IIRC, I tried this method, but did not see any performance improvement. The method replaces a single `divq` instruction with a table lookup and several multiplications. On modern processors this is no longer a worthwhile trade off.

chjj · on March 24, 2021

The 2-by-1 and 3-by-2 division functions described in the paper result in a very measurable speedup in my code. I think you're confusing those with the reciprocal calculation itself (which can be computed with a lookup table). I agree that part doesn't really lend itself to any significant performance benefit and is probably better calculated with a single hardware division instead.

I feel it necessary to point out that the 3-by-2 division actually has multiple benefits which are easy to miss:

1. The quotient loop can be skipped as I mentioned.

2. The "Add back" step is less likely to be triggered.

3. Since a 2-word remainder is computed with the division, you can skip 2 iterations on the multiply+subtract step.

My reimplementation of GMP documents both the 2-by-1 and 3-by-2 divisions pretty thoroughly[1][2].

[1] https://github.com/bcoin-org/libtorsion/blob/master/src/mpi....

[2] https://github.com/bcoin-org/libtorsion/blob/master/src/mpi....

zmodem · on March 24, 2021

I had not seen that GMP reimplementation before, but it looks very readable. Thanks!

I used the Möller & Granlund paper for a portable implementation of 2-by-1 division [1], and on my machine (which is admittedly not exactly new) it runs much faster than the DIV instruction.

[1] https://www.hanshq.net/eprime.html#div

mratsim · on March 24, 2021

The 3-by-2 division is from Burnikel and Ziegler [1][2] with a nice comparison from Hasselstrom between division approaches.

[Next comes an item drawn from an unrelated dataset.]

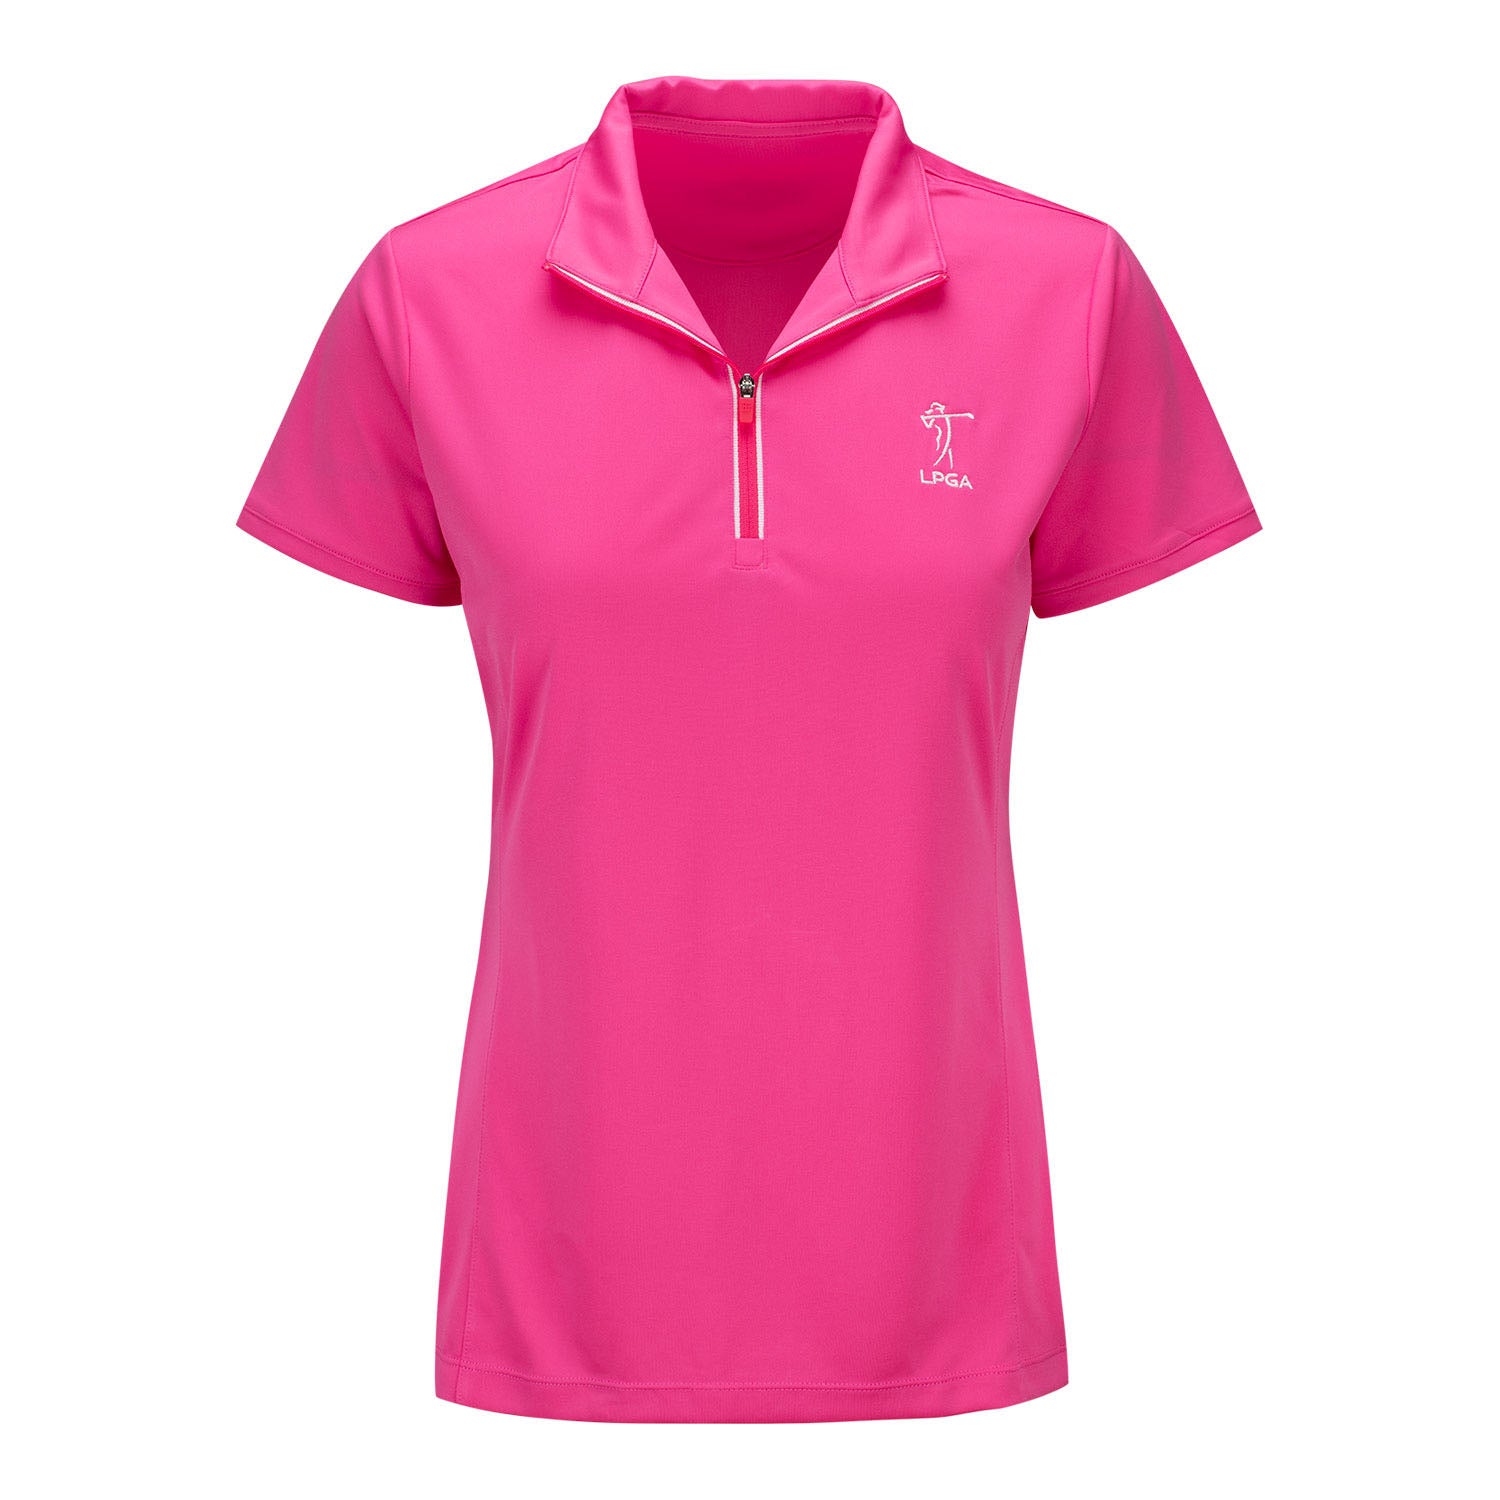 EP Pro LPGA Golf Short Sleeve Convertible Zip Polo in Pink - Front View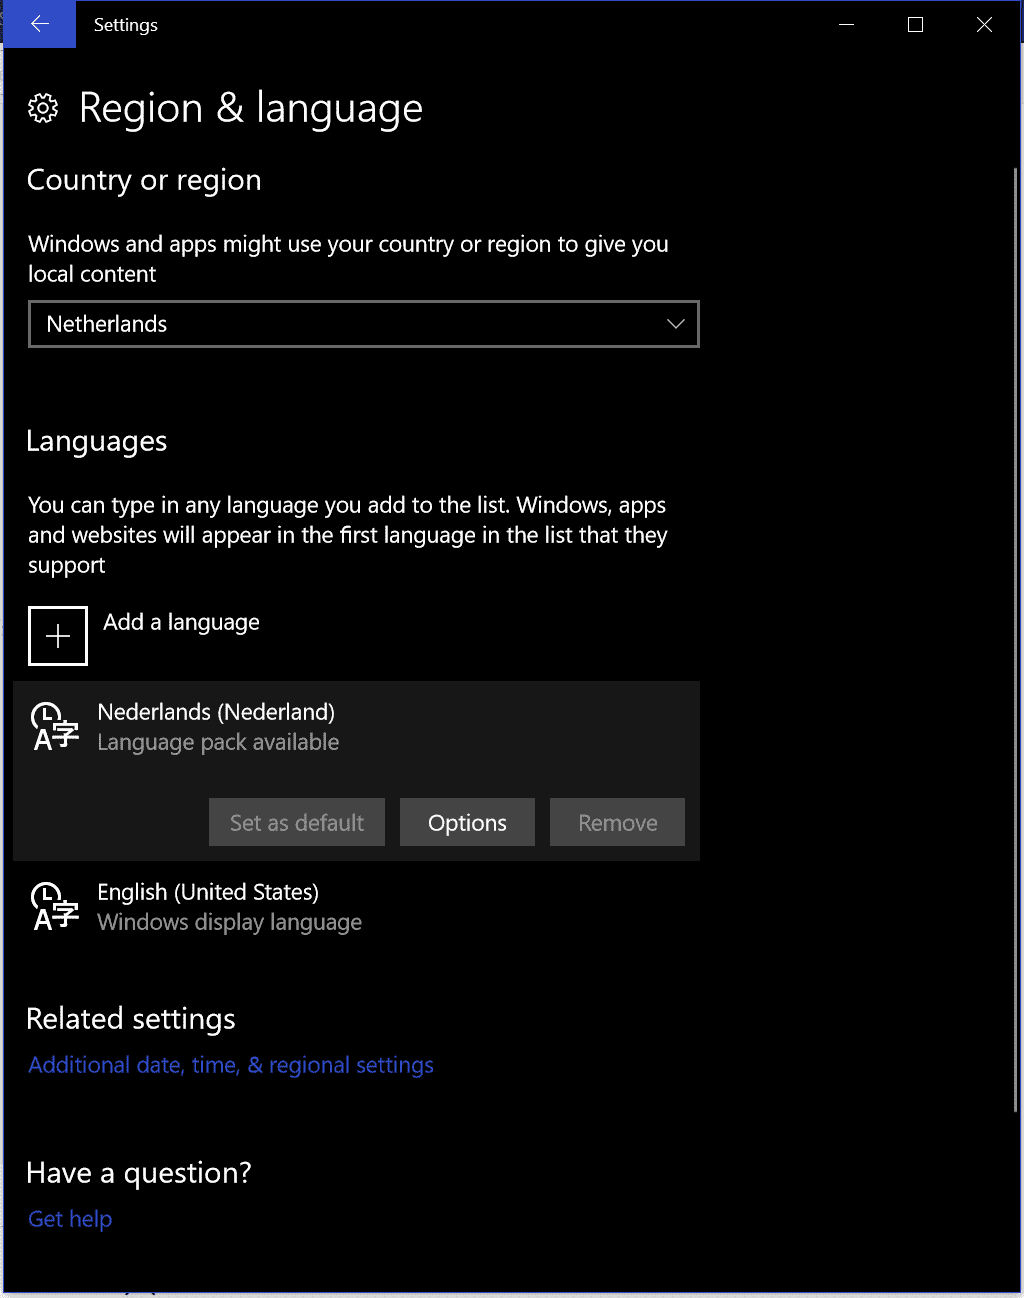 Problems installing language pack on Windows 10 1358a533-faff-4db2-a817-e7dee22816ab?upload=true.png

OpenSSL has introduced another 3 by 2, but this one is written with constant-time concerns for cryptography [4]

[1]: http://citeseerx.ist.psu.edu/viewdoc/download?doi=10.1.1.47....

[2]: https://github.com/status-im/nim-stint/blob/bae3fc6/stint/pr...

[3]: http://bioinfo.ict.ac.cn/~dbu/AlgorithmCourses/Lectures/Hass...

[4]: https://github.com/openssl/openssl/pull/7589